Моя догадка оказалась правильной – он был Лакеем. Такой готов делать что угодно для кого угодно, если только платить ему его часовую ставку. Это были наемники, Дормитопаты, разнорабочие, няньки и охотники за сокровищами в одном лице. Они даже могли сыграть с вами партию в «скраббл», если заплатить им за это, но только чтобы победить. Подобно большинству Зимовщиков, Лакеи гордились своей работой.
– Первая Зима? – спросил Фулнэп.
– Неужели у меня такой плохой вид?
– Ага, – подтвердил он, – усталость уже чувствуется.
Я тоже ее чувствовал – тупую боль, гложущую суставы, глубоко засевшую тошноту, свойственную только тем, кто сознательно оттягивает зимнюю спячку.
Хозяйка принесла кофе. Хмуро покосившись на меня, она буквально пронзила насквозь взглядом мертвую женщину и молча удалилась.
– На прошлой неделе у меня был заказ от одной женщины, – начал Фулнэп, помешивая кофе, – которая собиралась залечь в спячку в родовом спальном гнезде, в горах за Абергавенни. У них там что-то вроде родового поместья, неподалеку от Кумбрана. В общем, она уложила вещи в машину, но пуховое одеяло не помещалось в багажнике и не давало закрыть крышку. И знаешь что она сделала?
– Что она сделала?
– Подожгла одеяло.
– И как, помогло?
– Помогло по полной. К тому времени как я подоспел, машина полностью сгорела. Вся еда, вся одежда, «морфенокс» – ничего не осталось. Мне пришлось доставать ей заново все запасы.
– Где вам удалось раздобыть «морфенокс»?
– Скажем так: я знаю одну девушку, она знакома с парнем, который знает человека, знакомого с девушкой.

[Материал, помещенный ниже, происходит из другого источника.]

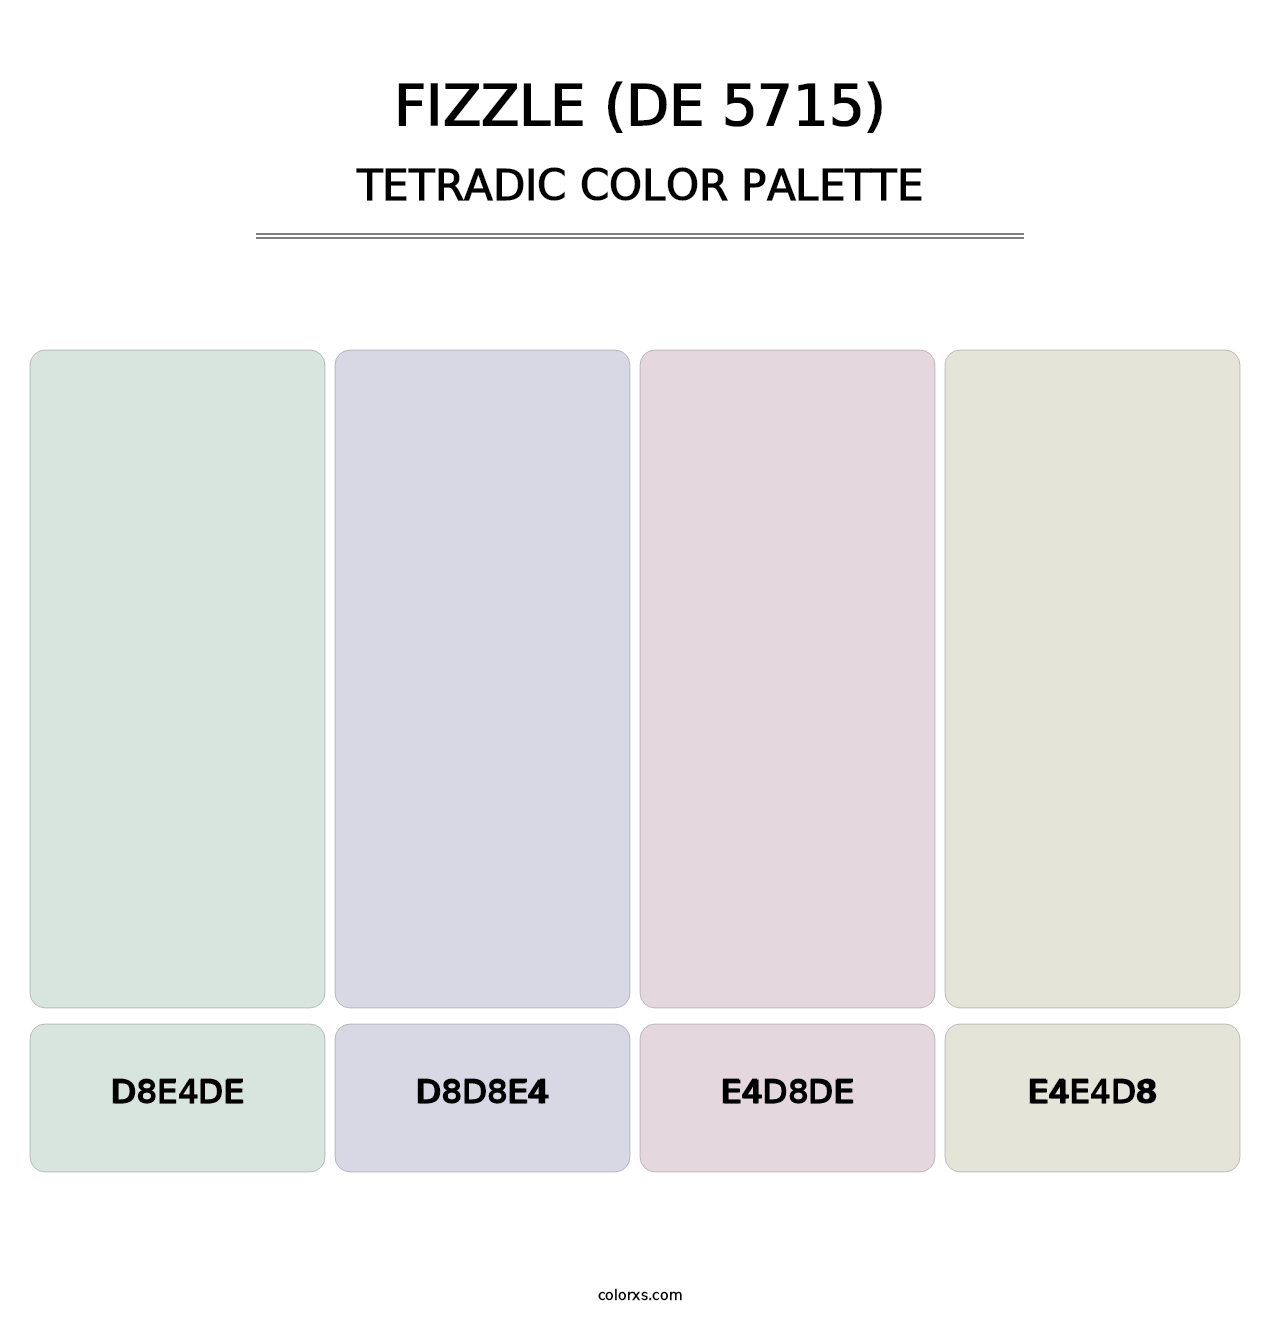 Fizzle (DE 5715) - Tetradic Color Palette

Я отпил глоток кофе. У него был вкус прошлогодних желудей, обожженных парафиновой горелкой.
– Кофе просто ужасный, – заметил я.
– Добро пожаловать в Зиму.
Мы поболтали еще немного. Фулнэп рассказал забавную историю о том, как в окрестностях Трехерберта впавших в спячку мамонтов ложно пробудил [47] подобравшийся подземный пожар и как затем все стадо пришлось уводить вверх в горы Хирвауна. Этот героический переход в духе Ганнибала послужил основой сюжета книги, ставшей бестселлером, а вскоре по ней должны были поставить мюзикл с участием кукловодов из «Боевых фантазий».